What I would do (or not do) about it

This week, three things go on my list for every WooCommerce client we run.

First, I audit Settings. Go to WooCommerce > Settings > Advanced > Features and check whether the new product editor is enabled. If it is, I switch it off now, while we are still on 10.8. That gives the team several weeks of normal editing before 10.9 arrives. It also lets me check that any custom field, ACF group, or YITH/Iconic/etc. extension still presents itself the way the merchant expects in the classic screen. I do not want surprises in production on June 23.

Second, I grep the codebase. On every custom plugin and child theme in the project, I run a search for @woocommerce/product-editor, for product-block-editor-v1, and for any registration calls into the block-based editor. Anything that comes up gets a ticket with a July 14 deadline. That gives me two clean weeks of staging tests before 11.0 ships, which is the minimum I want for a major commerce release.

Third, I do not panic-rewrite anything for the classic editor that is already working. The classic product screen is not new code. Meta boxes, custom fields, Gutenberg-style sidebars on the post edit screen — all of that continues to function. If an extension was already shipping a classic UI alongside its block UI, you keep the classic one and drop the block half.

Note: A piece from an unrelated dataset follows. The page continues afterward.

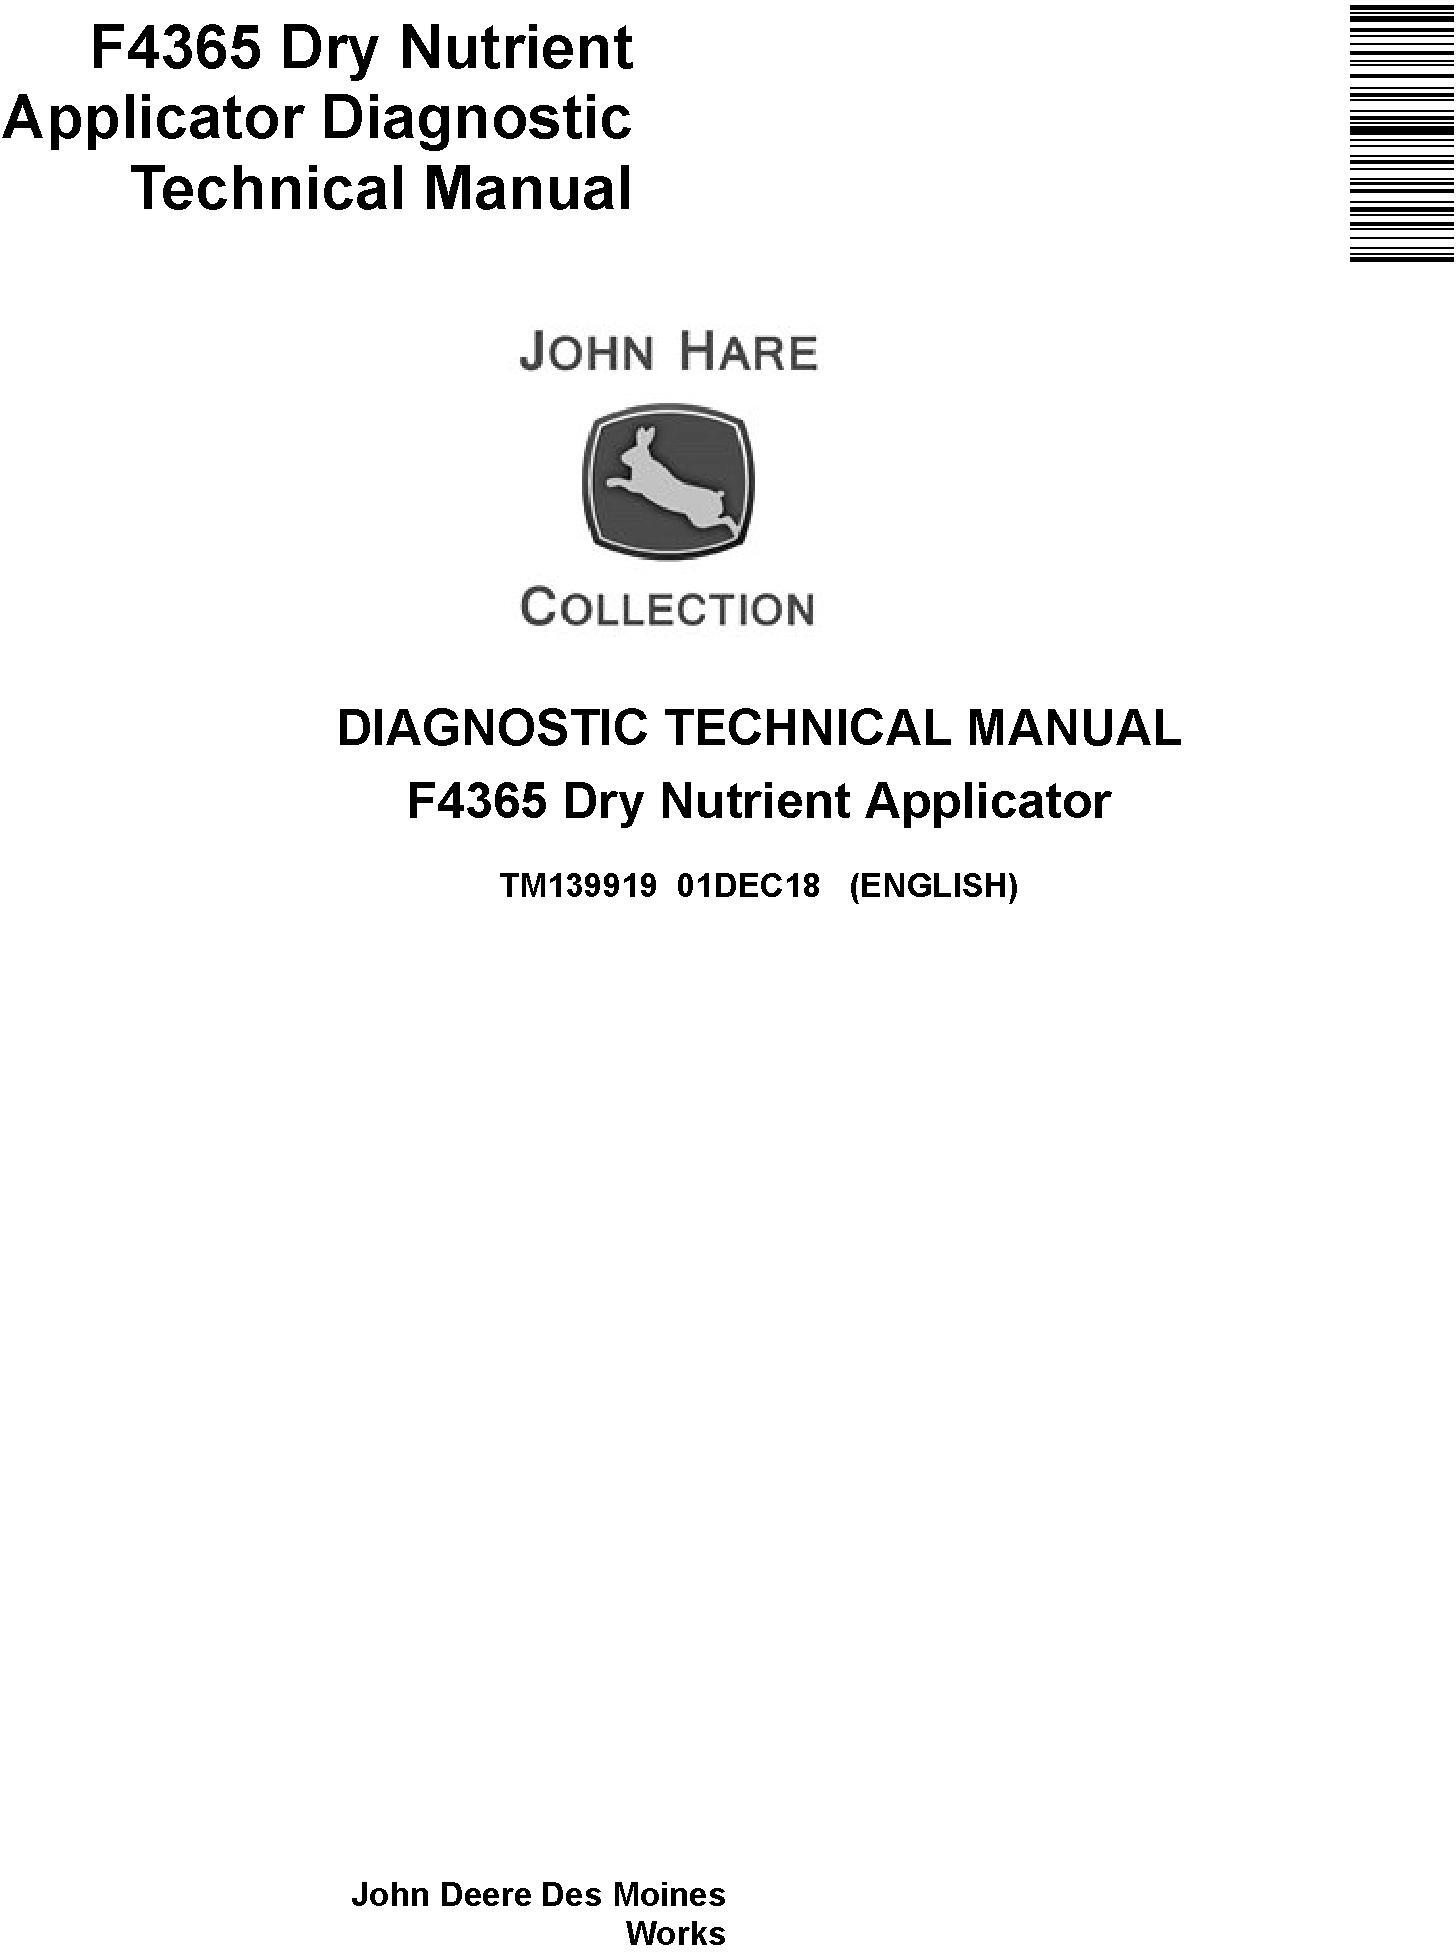 John Deere F4365 Dry Nutrient Applicator Diagnostic Technical Manual TM139919

If an extension only ever shipped block UI, that is the real work this month: rebuilding the merchant-facing surface as a meta box or a custom field group.

What I am not doing is waiting for clarification. The advisory, the changelog, and the two GitHub issues are aligned. The timeline is concrete. Anyone holding off because they expect a reversal is reading the room wrong.

Retirements like this one are why agencies still bet on WooCommerce for serious commerce work. The platform is willing to remove its own code when the experiment did not land. Five weeks of notice, no data migration, and a clear list of three strings to grep for is about as gentle as a deprecation gets.